> [Exercise] The answer should hold every line of the listing, unchanged and free of images.

> [Data below]
=== Section Start ===

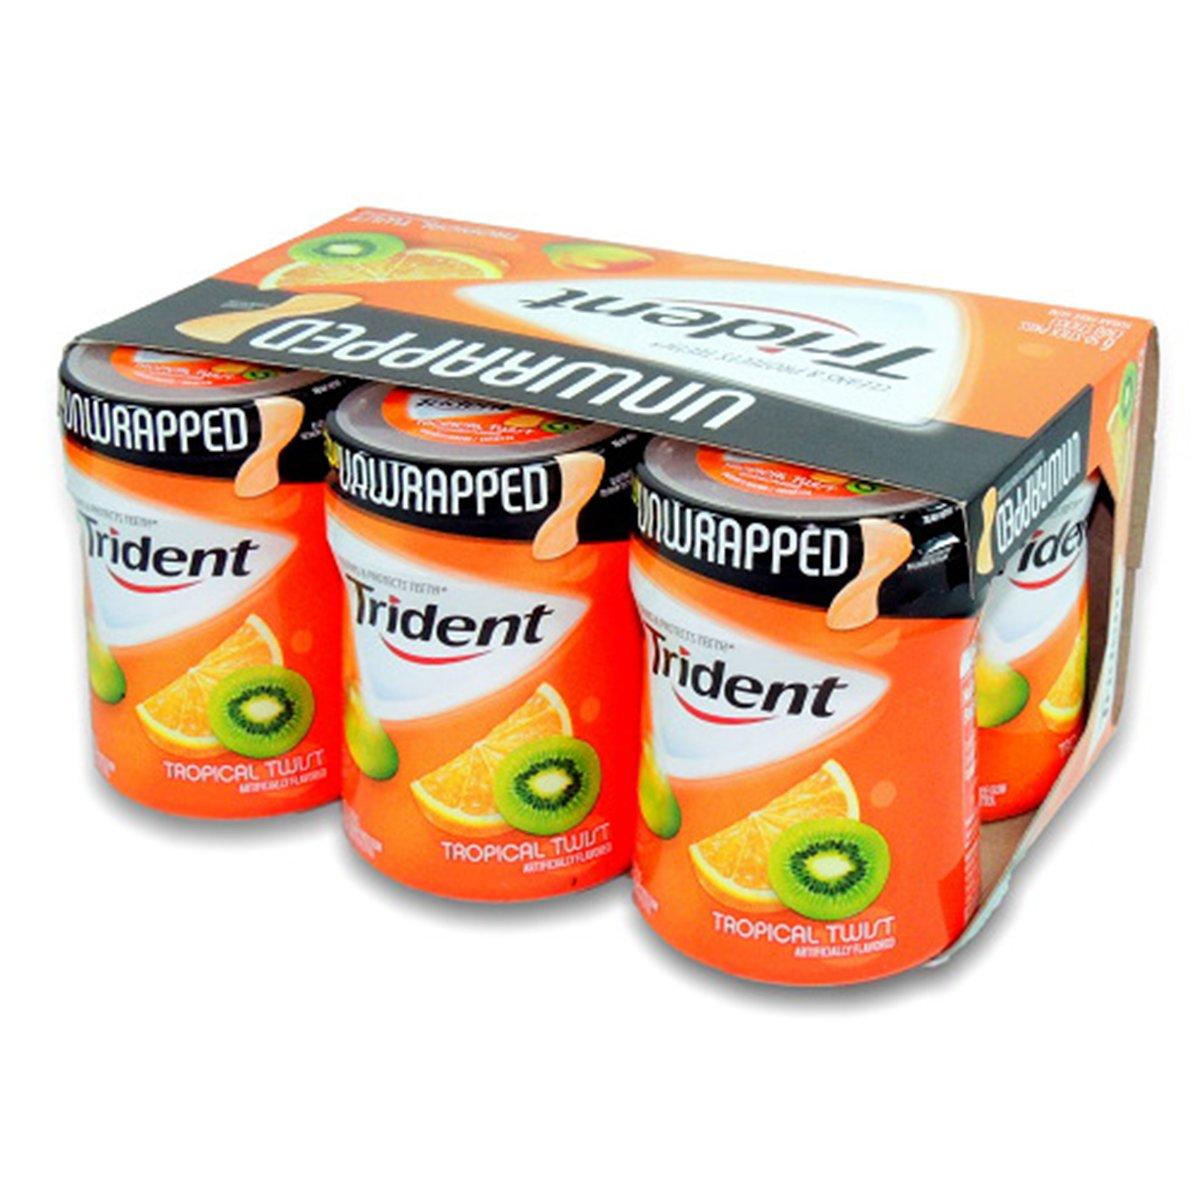 Product Of Trident, Gum Tropical Twist - Bottle, Count 6 (50Stks) - Gum / Grab Varieties & Flavors
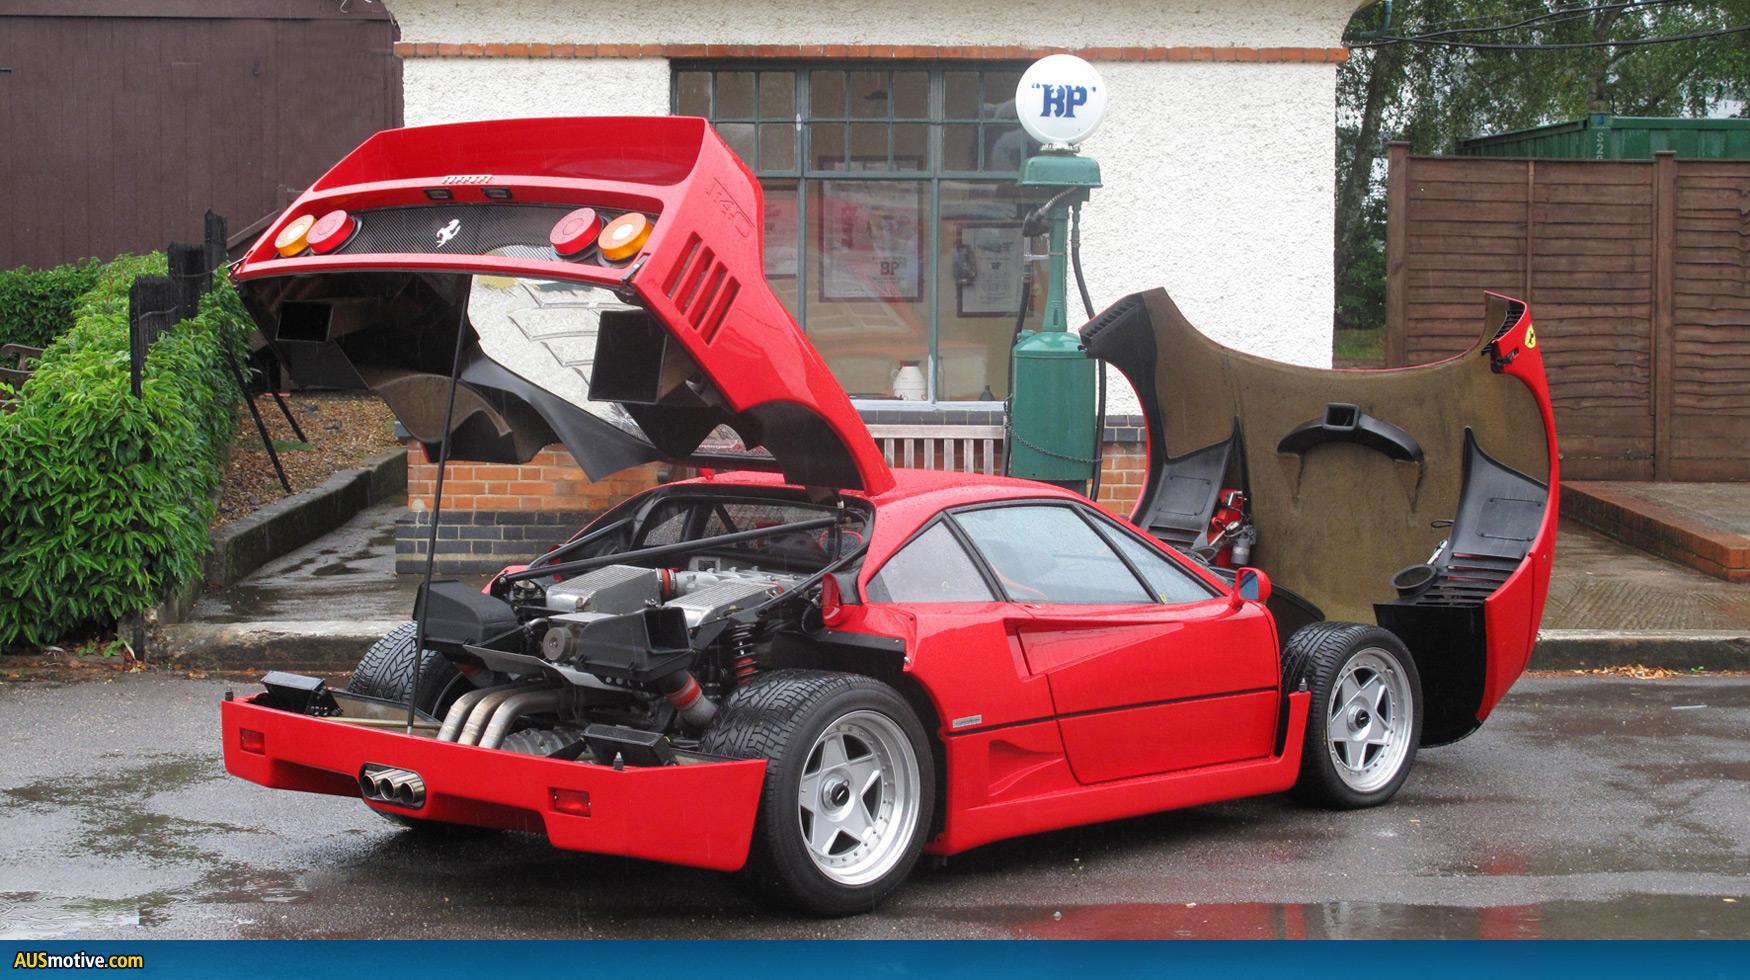 Ferrari F40 Kit Car For Sale images
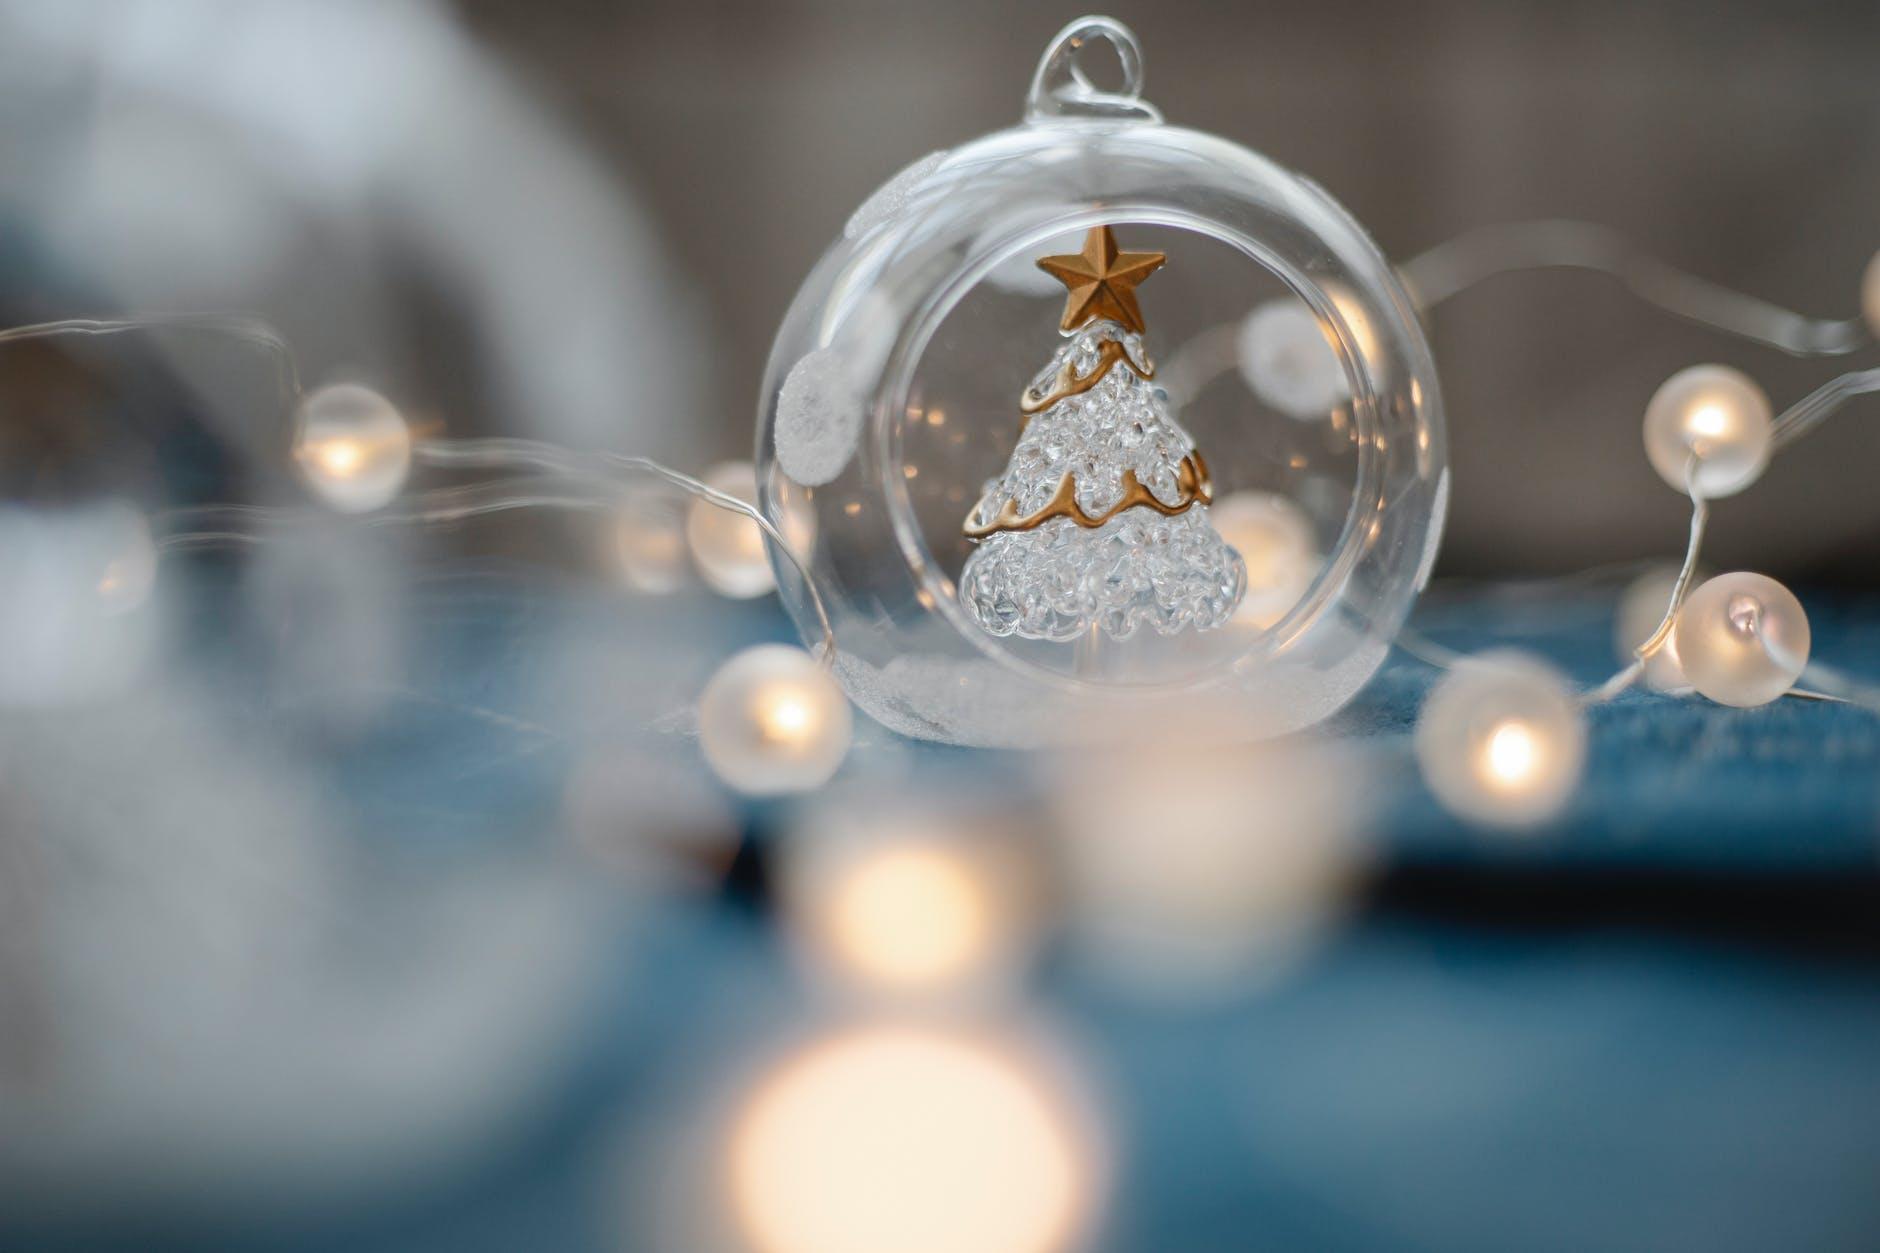 glass ball with decorative christmas tree

=== Section End ===

> [Answer space]
 Product Of Trident, Gum Tropical Twist - Bottle, Count 6 (50Stks) - Gum / Grab Varieties & Flavors
 Ferrari F40 Kit Car For Sale images
 glass ball with decorative christmas tree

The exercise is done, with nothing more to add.